= Surface force =

Block on a ramp and corresponding free body diagram of the block showing the surface force from the ramp onto the bottom of the block and separated into two components, a normal force N and a frictional shear force f, along with the body force of gravity mg acting at the center of mass.

Surface force denoted f_{s} is the force that acts across an internal or external surface element in a material body.
Normal forces and shear forces between objects are types of surface force. All cohesive forces and contact forces between objects are considered as surface forces.
Surface force can be decomposed into two perpendicular components: normal forces and shear forces. A normal force acts normally over an area and a shear force acts tangentially over an area.

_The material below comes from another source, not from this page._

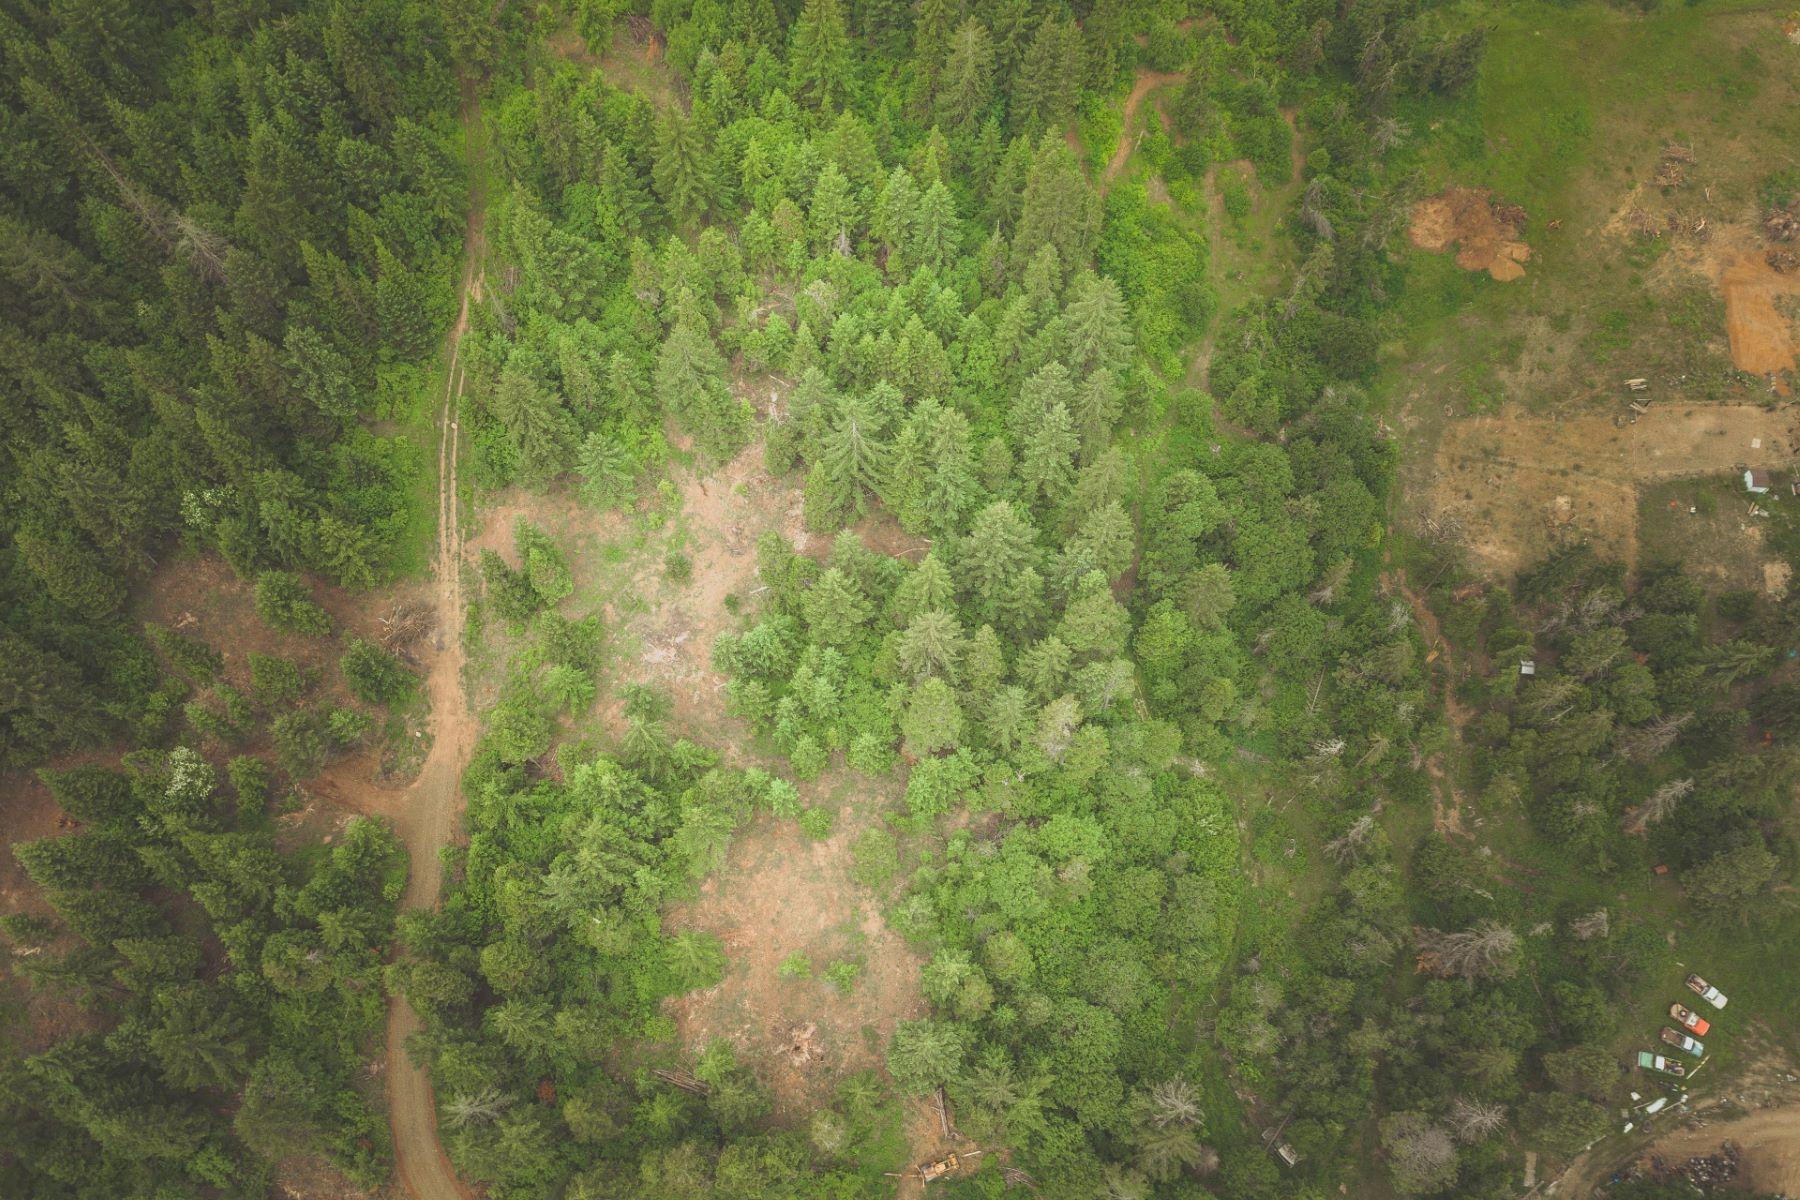 Land for Sale at Kida Road Lots White Salmon, Washington 98672 United States
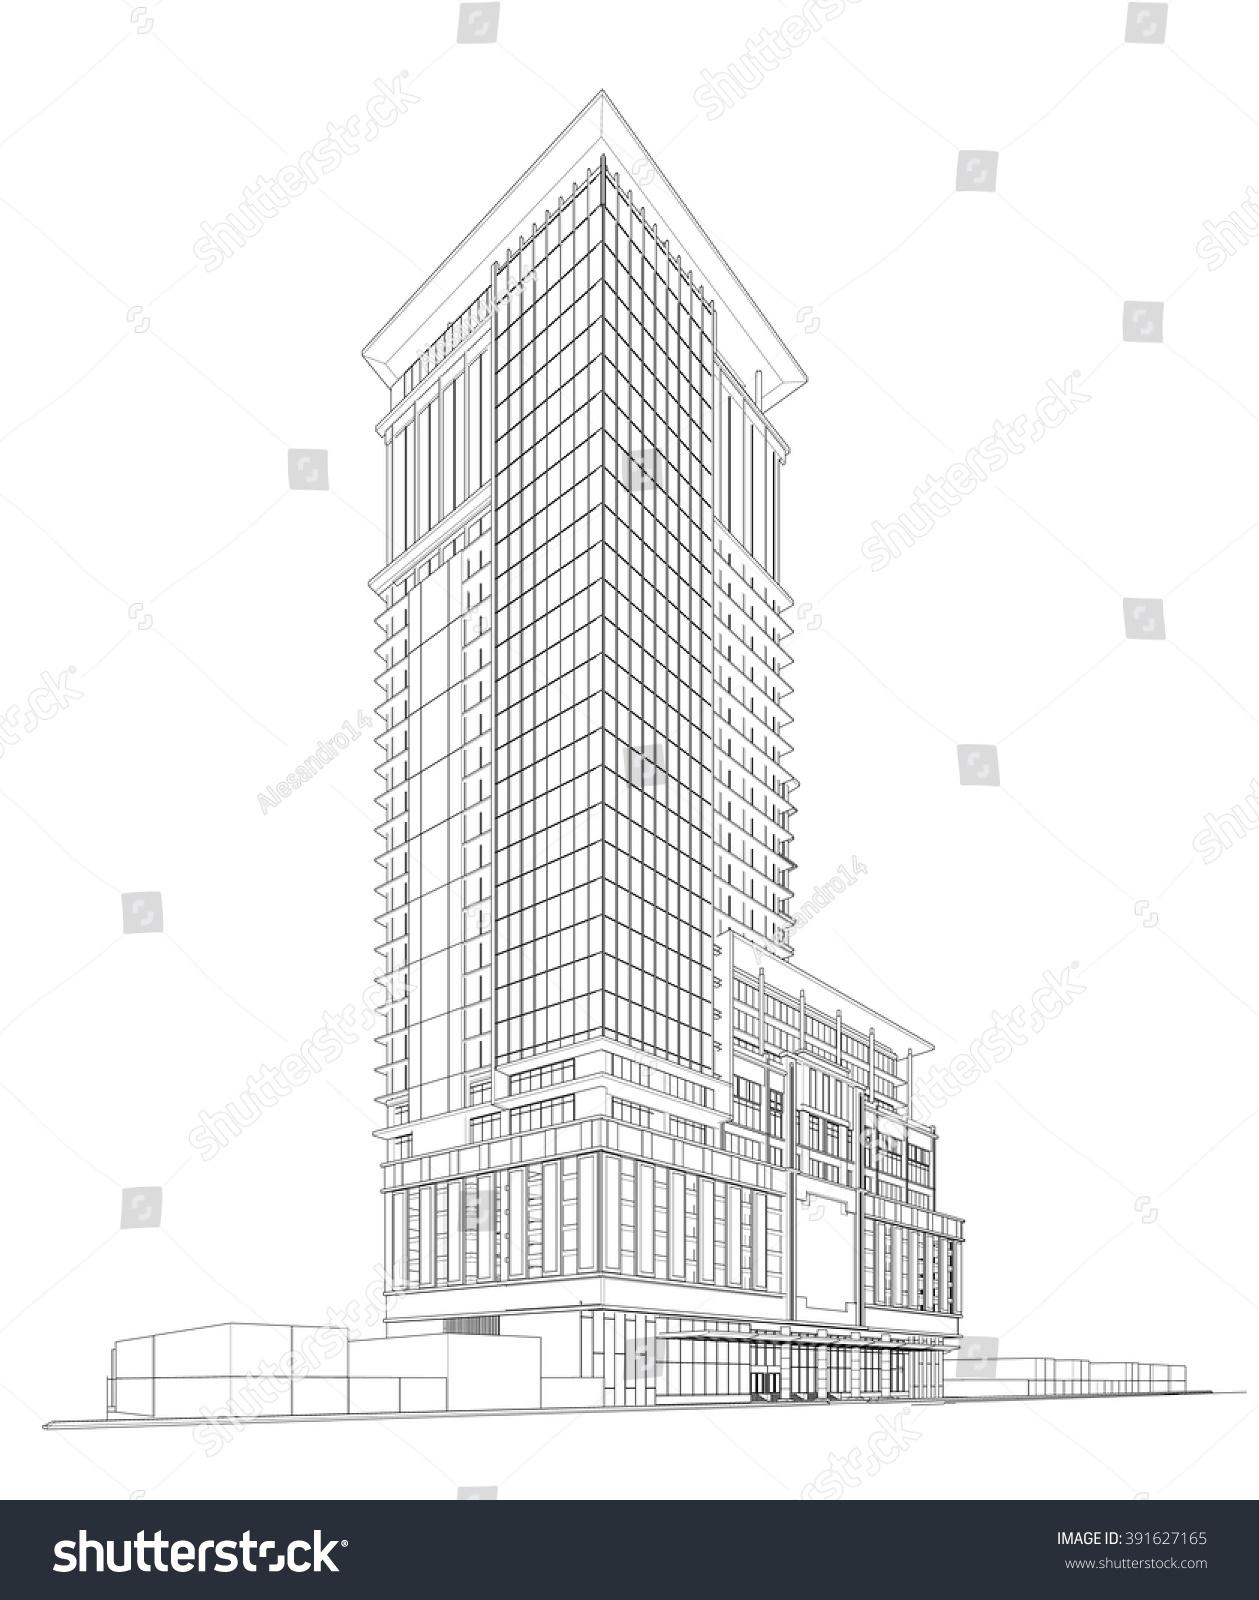 perspective 3 d render building wireframe のベクター画像素材

== Equations for surface force ==

=== Surface force due to pressure ===
 $f_s=p \cdot A$, where f = force, p = pressure, and A = area on which a uniform pressure acts

== Examples ==

=== Pressure related surface force ===

Since pressure is $\frac{\mathit{force}}{\mathit{area}}=\mathrm{\frac{N}{m^2}}$, and area is a $(length)\cdot(width) = \mathrm{m \cdot m }= \mathrm{m^2}$,

a pressure of $5\ \mathrm{\frac{N}{m^2}} = 5\ \mathrm{Pa}$ over an area of $20\ \mathrm{m^2}$ will produce a surface force of $(5\ \mathrm{Pa}) \cdot (20\ \mathrm{m^2}) = 100\ \mathrm{N}$.